Data excerpt:

________________

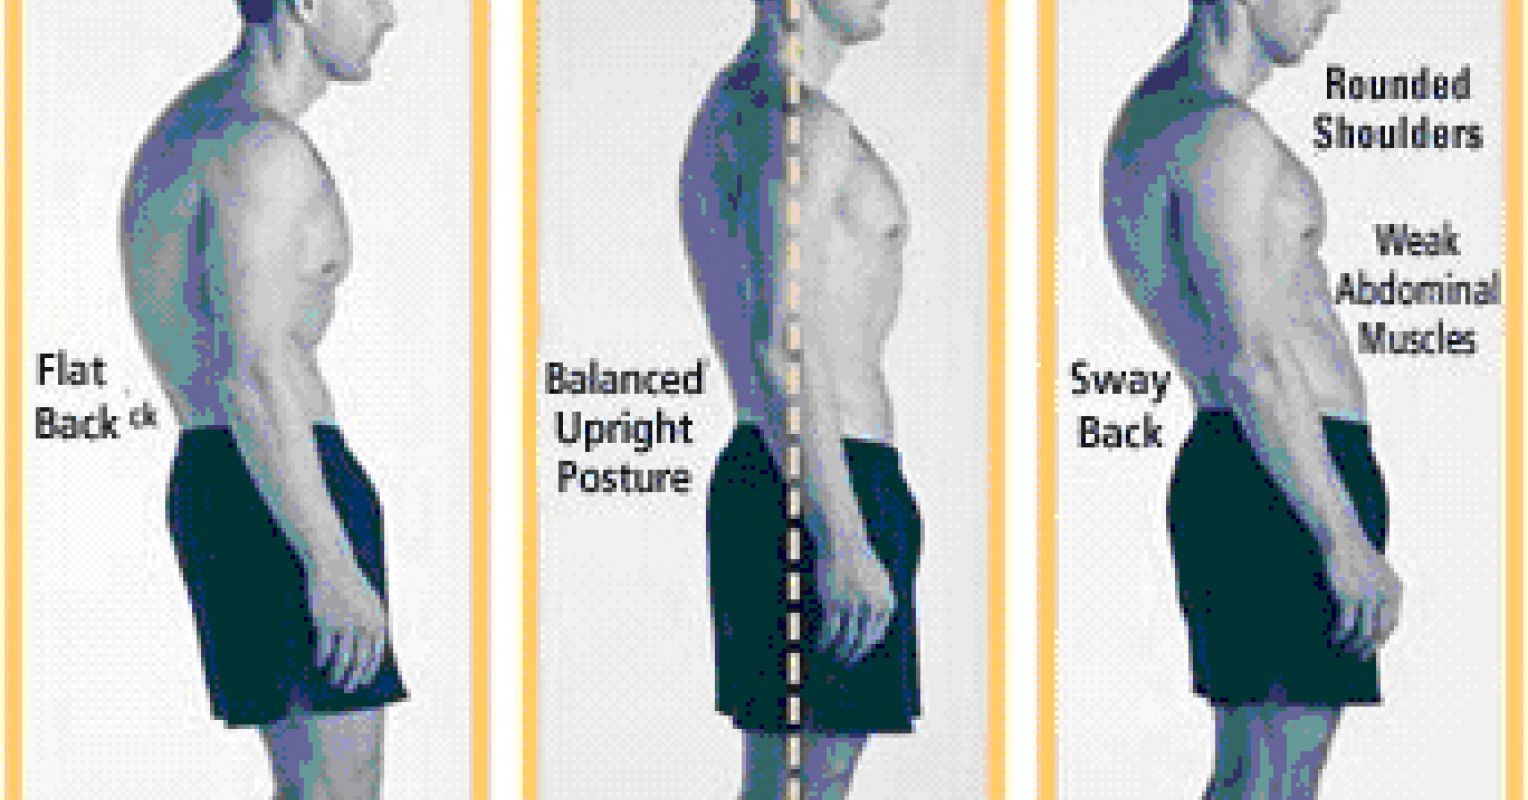 Achieving good posture an upright goal – The Denver Post
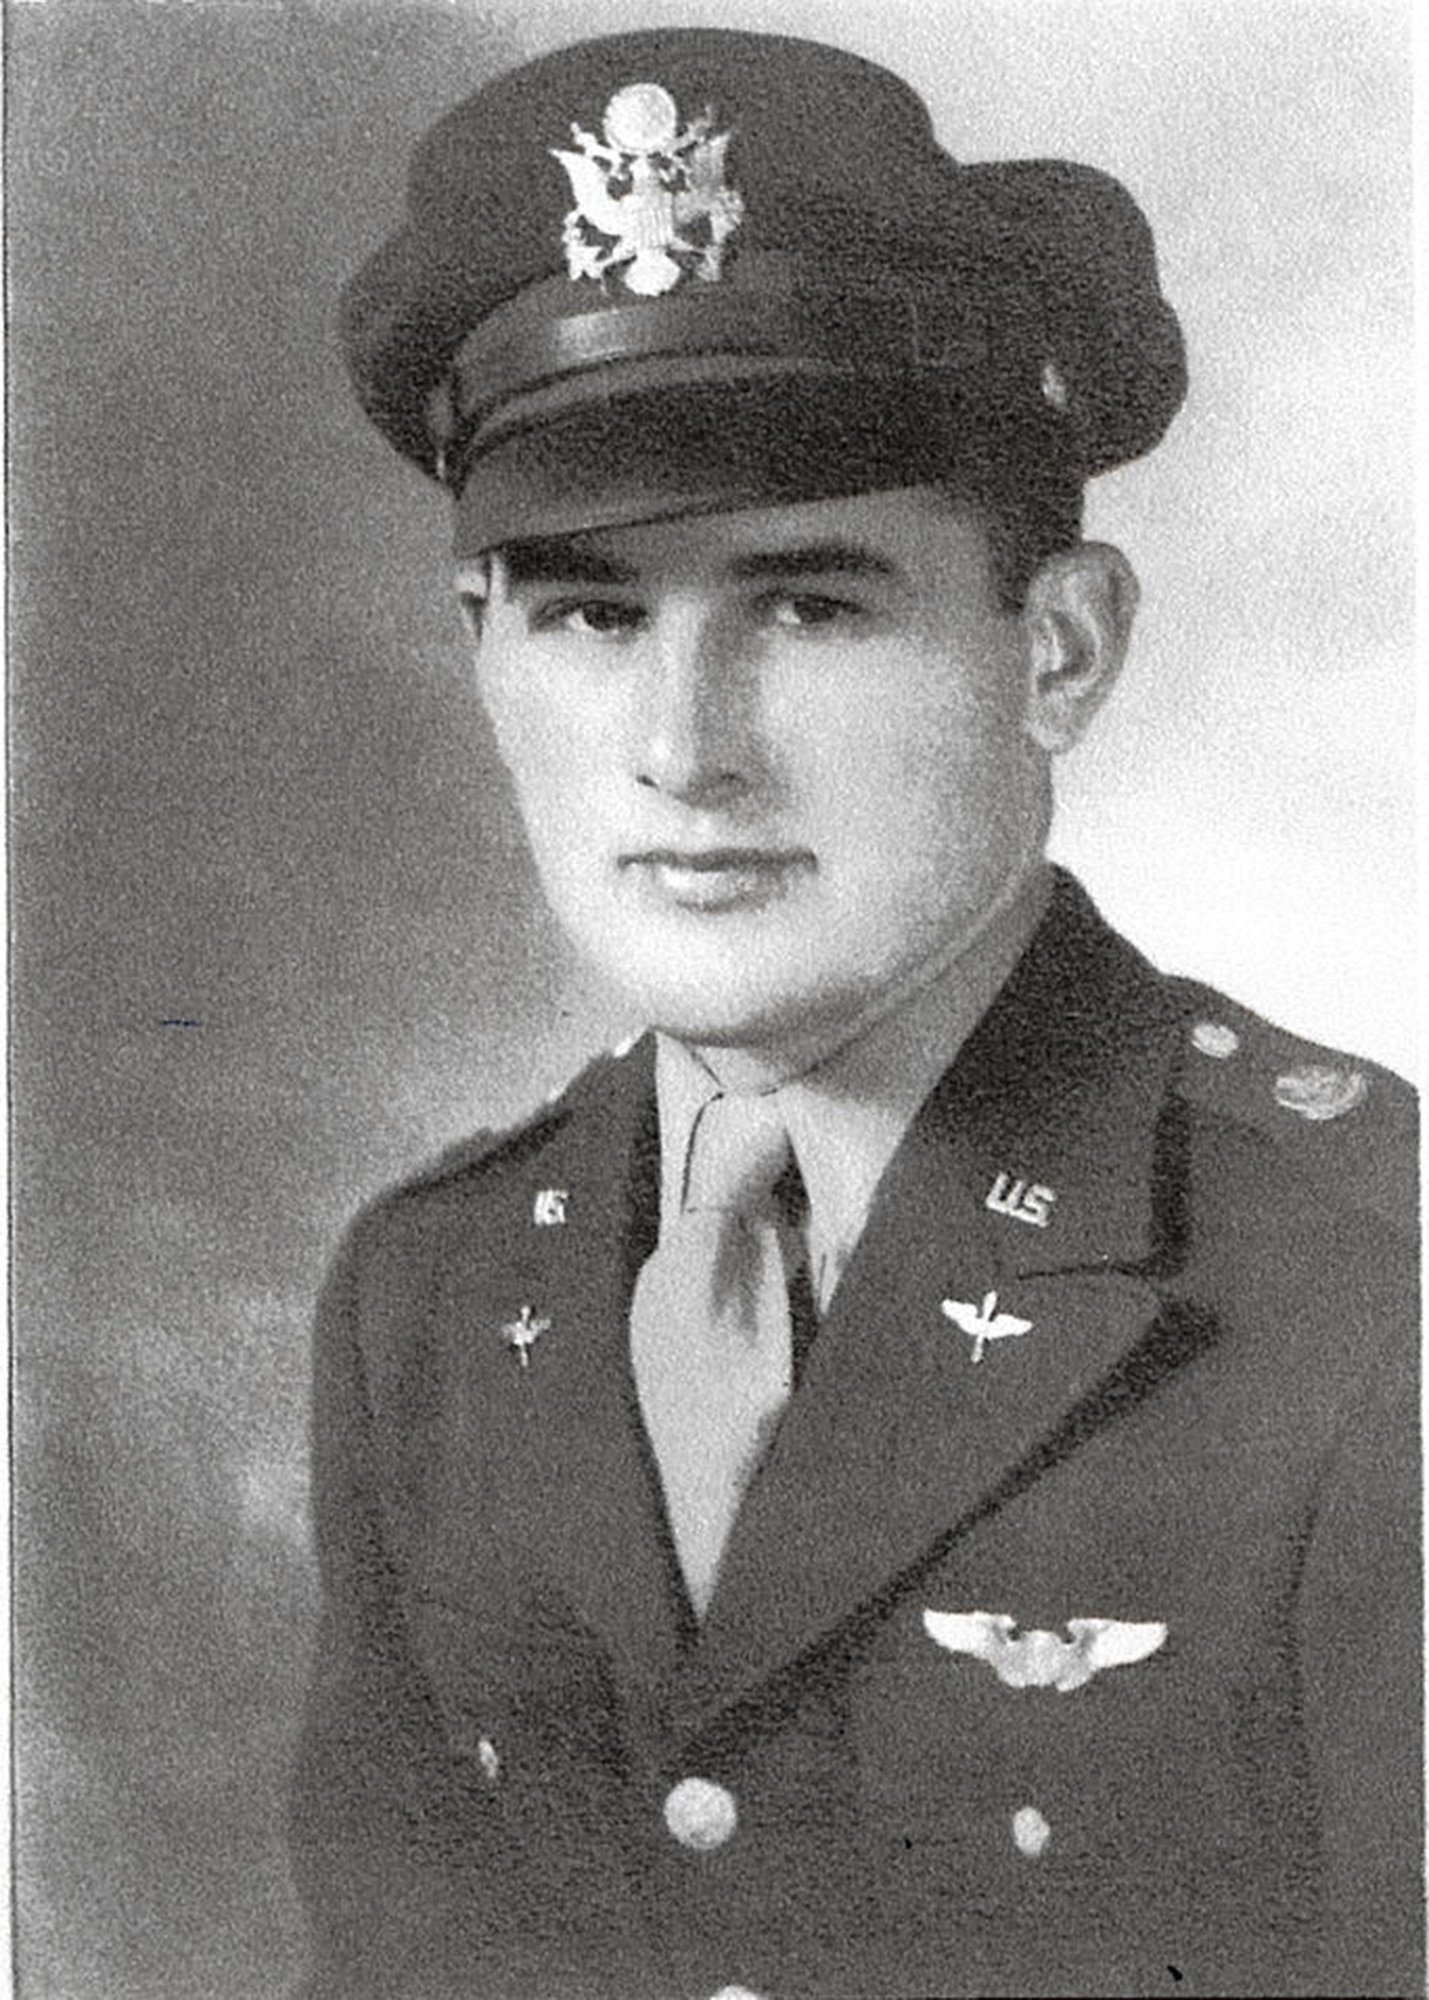 An official portrait of Don Clark, circa World War II. Clark, a C-47A Skytrain pilot flew 81 missions, to include 27 combat missions, in Europe during World War II. (Courtesy photo)
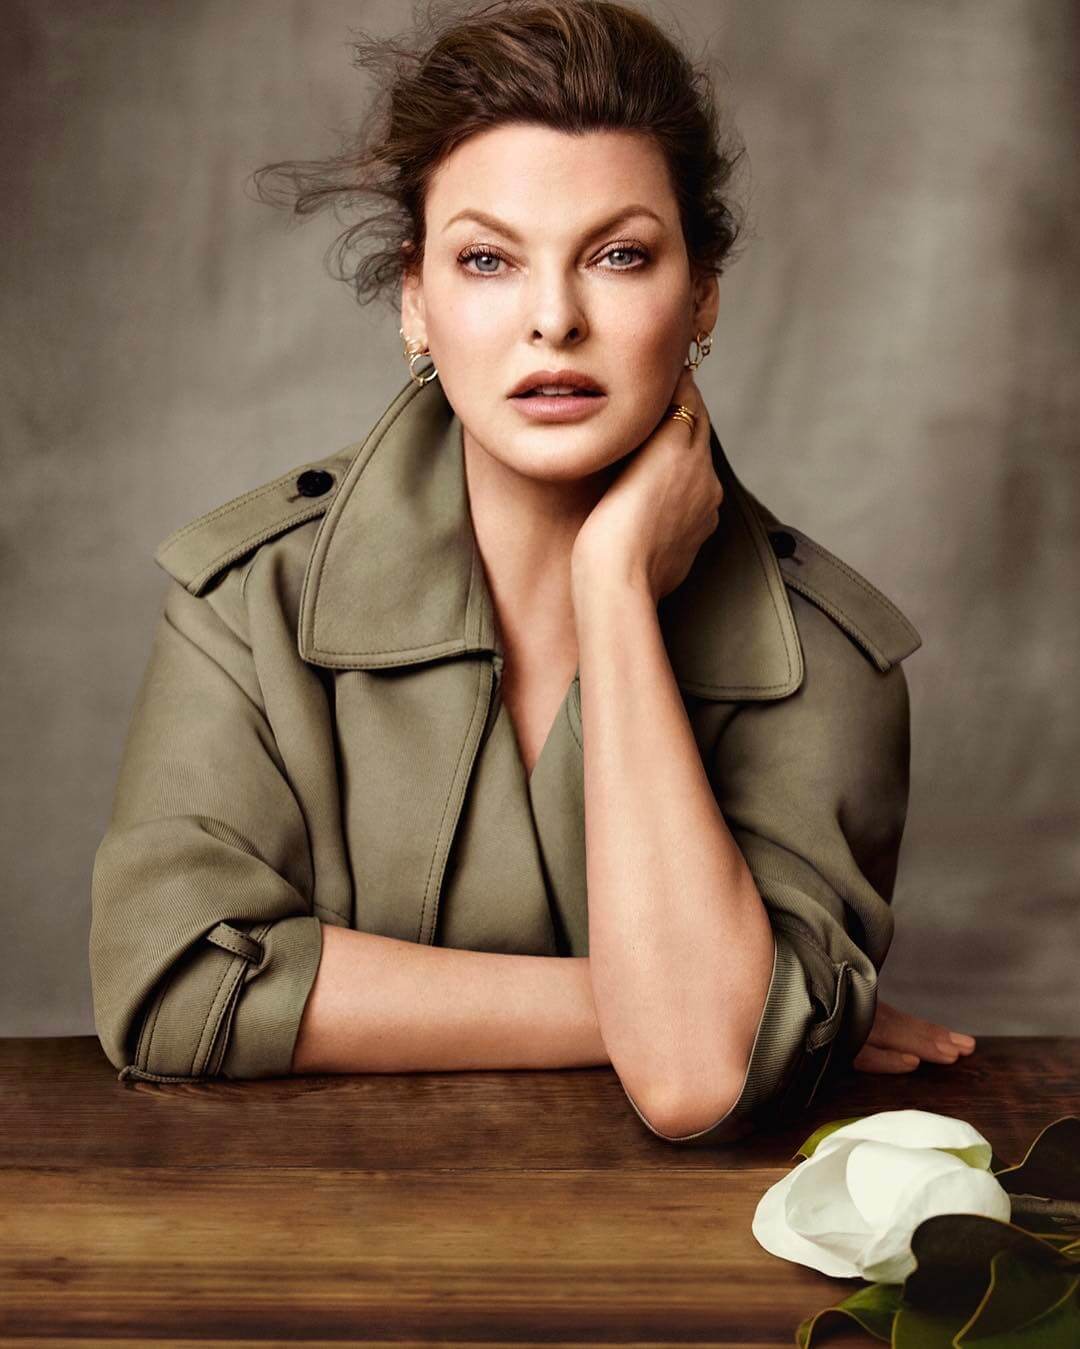 49 Hot Pictures Of Linda Evangelista Will Prove That She Is One Of The Hottest And Sexiest Women There Is | Best Of Comic Books

________________

How to complete this task: Everything in the listing, except its images, should be set down exactly.

Result:
 Achieving good posture an upright goal – The Denver Post
 An official portrait of Don Clark, circa World War II. Clark, a C-47A Skytrain pilot flew 81 missions, to include 27 combat missions, in Europe during World War II. (Courtesy photo)
 49 Hot Pictures Of Linda Evangelista Will Prove That She Is One Of The Hottest And Sexiest Women There Is | Best Of Comic Books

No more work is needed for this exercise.